Sorin Iodi

Personal information
- Full name: Sorin Adrian Iodi
- Date of birth: 12 June 1976 (age 48)
- Place of birth: Sighetu Marmaţiei, Romania
- Height: 1.80 m (5 ft 11 in)
- Position(s): Centre back

Senior career*
- Years: Team / Apps / (Gls)
- 1995–1999: Olimpia Satu Mare / 113 / (5)
- 1999: Gloria Bistriţa / 14 / (0)
- 2000–2003: Dinamo București / 21 / (0)
- 2000–2001: Oțelul Galați / 10 / (0)
- 2001: → FCM Câmpina (loan) / 13 / (0)
- 2002–2003: → Naţional București (loan) / 15 / (1)
- 2004–2005: Gloria Bistriţa / 36 / (1)
- 2005–2007: Universitatea Cluj / 11 / (0)
- 2008: Otopeni / 10 / (0)
- 2008–2009: Baia Mare / 8 / (0)
- 2009–2011: Gloria Bistriţa / 11 / (0)
- Total:  / 262 / (7)

Medal record

Dinamo București

= Sorin Iodi =

Romanian footballer

Sorin Adrian Iodi (born 12 June 1976 in Sighetu Marmaţiei) is a Romanian former football player.

==Club career==
Iodi started his football career at Olimpia Satu Mare.

He played 113 matches for this team and scored 5 goals. In 1999, he was transferred to Gloria Bistriţa. Iodi played just half of a season at Gloria and he was sold to Dinamo București with whom he won the champion title in the 1999-2000 season.
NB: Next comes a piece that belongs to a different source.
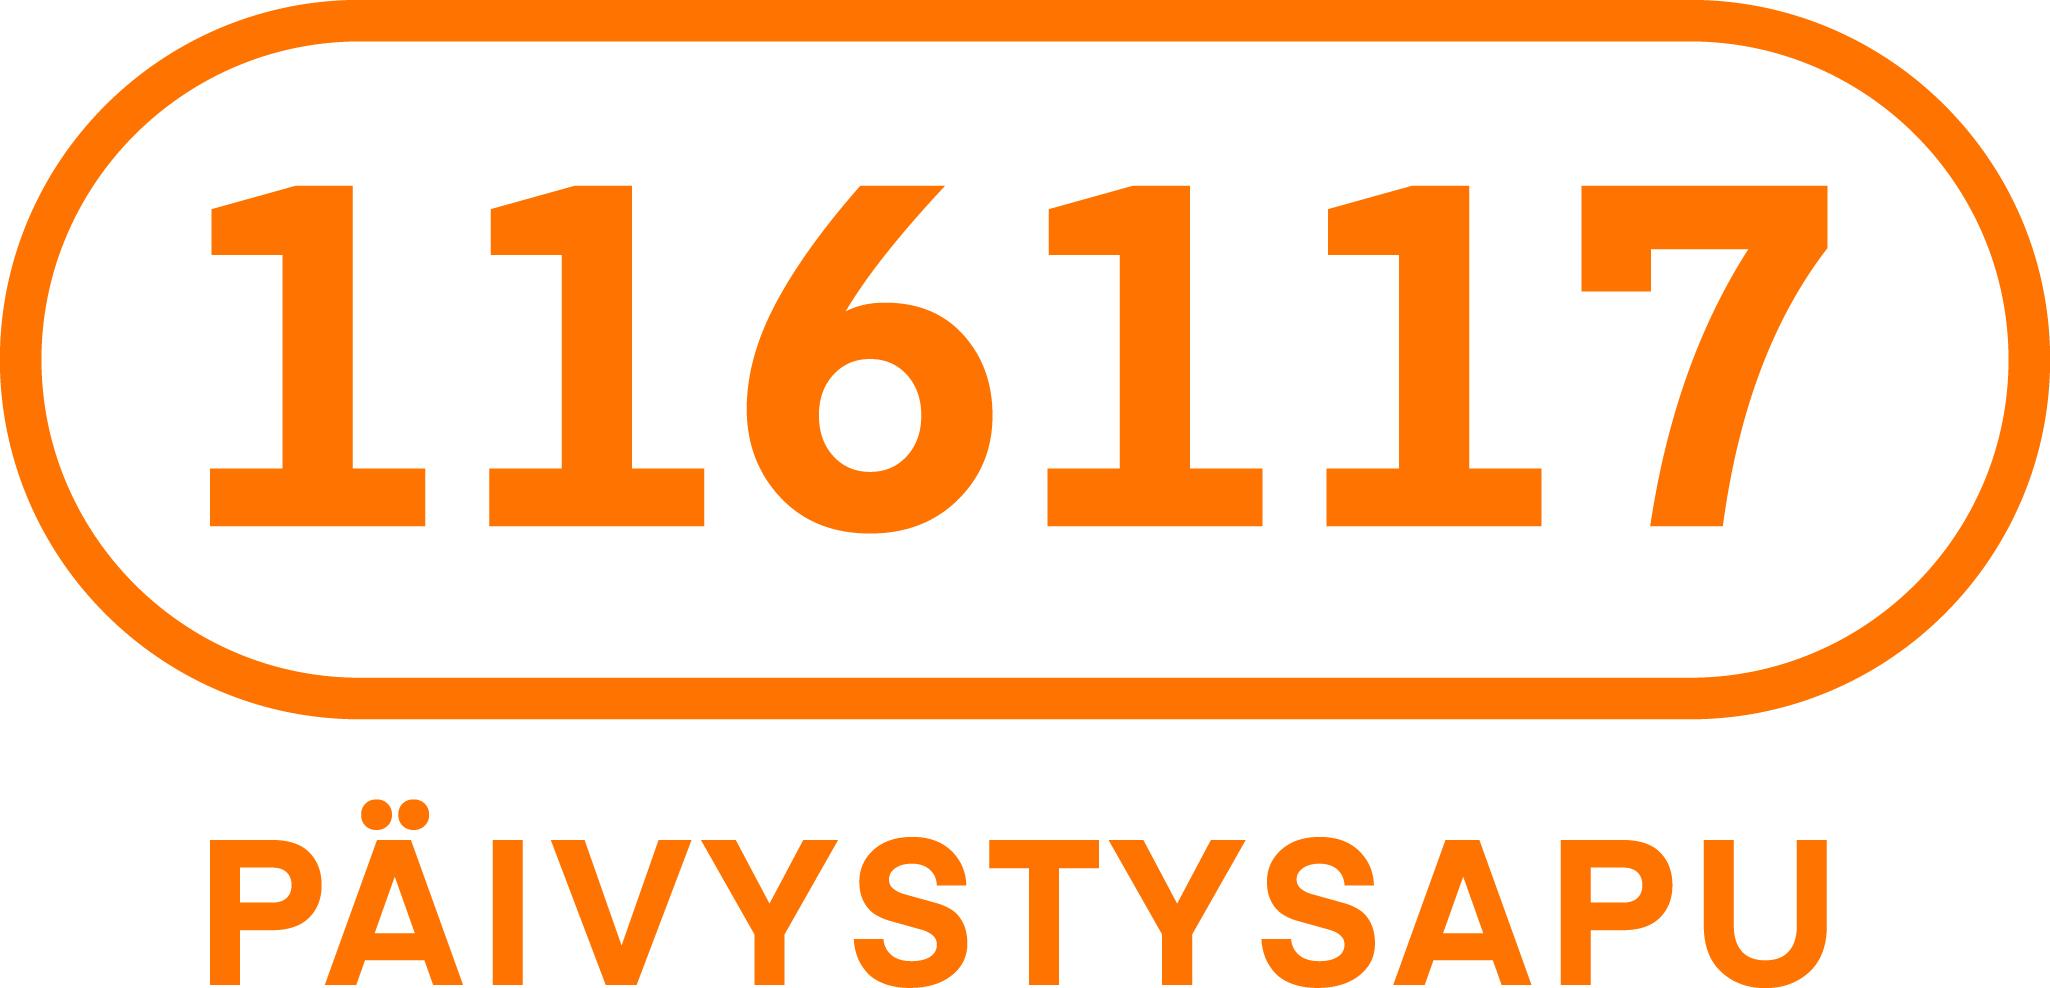 Päivystysapunumeron 116117 logo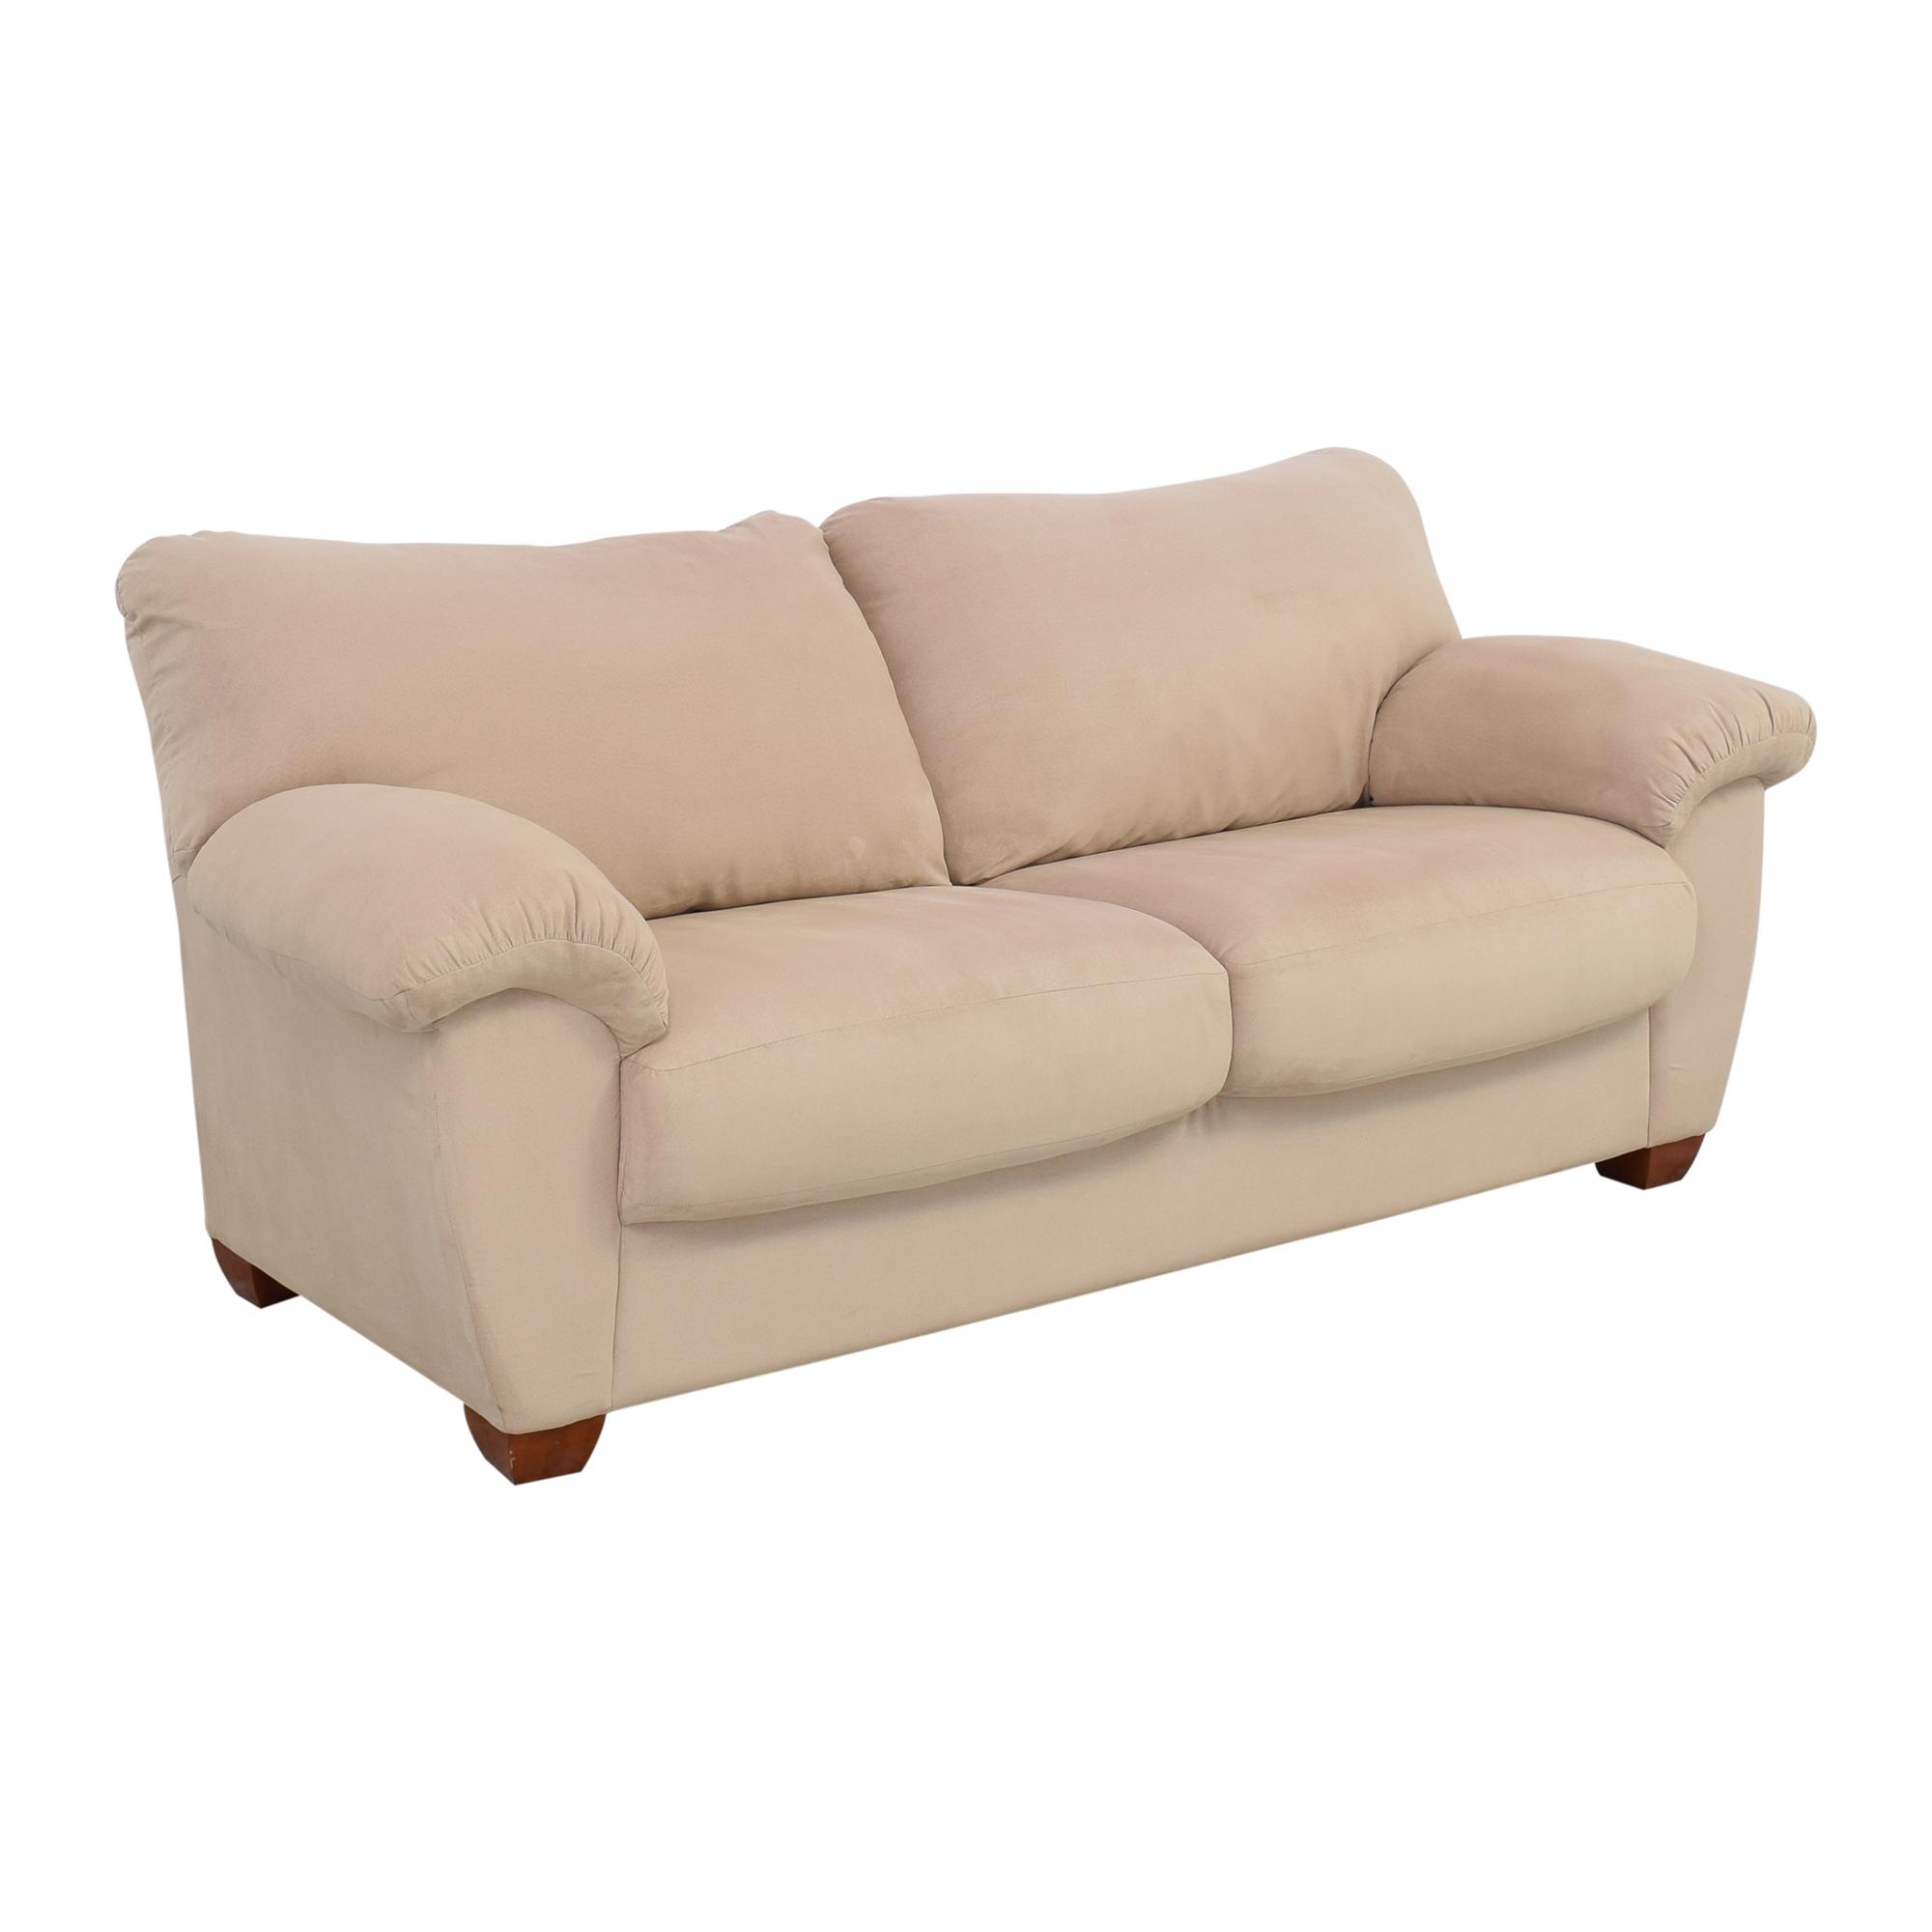 Two Cushion Sofa discount

In 2001, he was sent to Poiana Câmpina, which was at that time Dinamo's satellite team. He returned to Dinamo București in 2002. Iodi played 11 matches and he was loaned to FC Naţional București.

In 2003, he played one match for Dinamo, team which became champion in the 2003-2004 season, and was transferred to Gloria Bistriţa. where he played until 2005, when he moved to the Liga II team, U Cluj. In the 2006-2007 season Sorin Iodi promoted with his team in Liga I. Since then he played for CS Otopeni but became free agent in the summer of 2008.

Between August 2009 and 2011 he played for Gloria Bistriţa, until his retirement.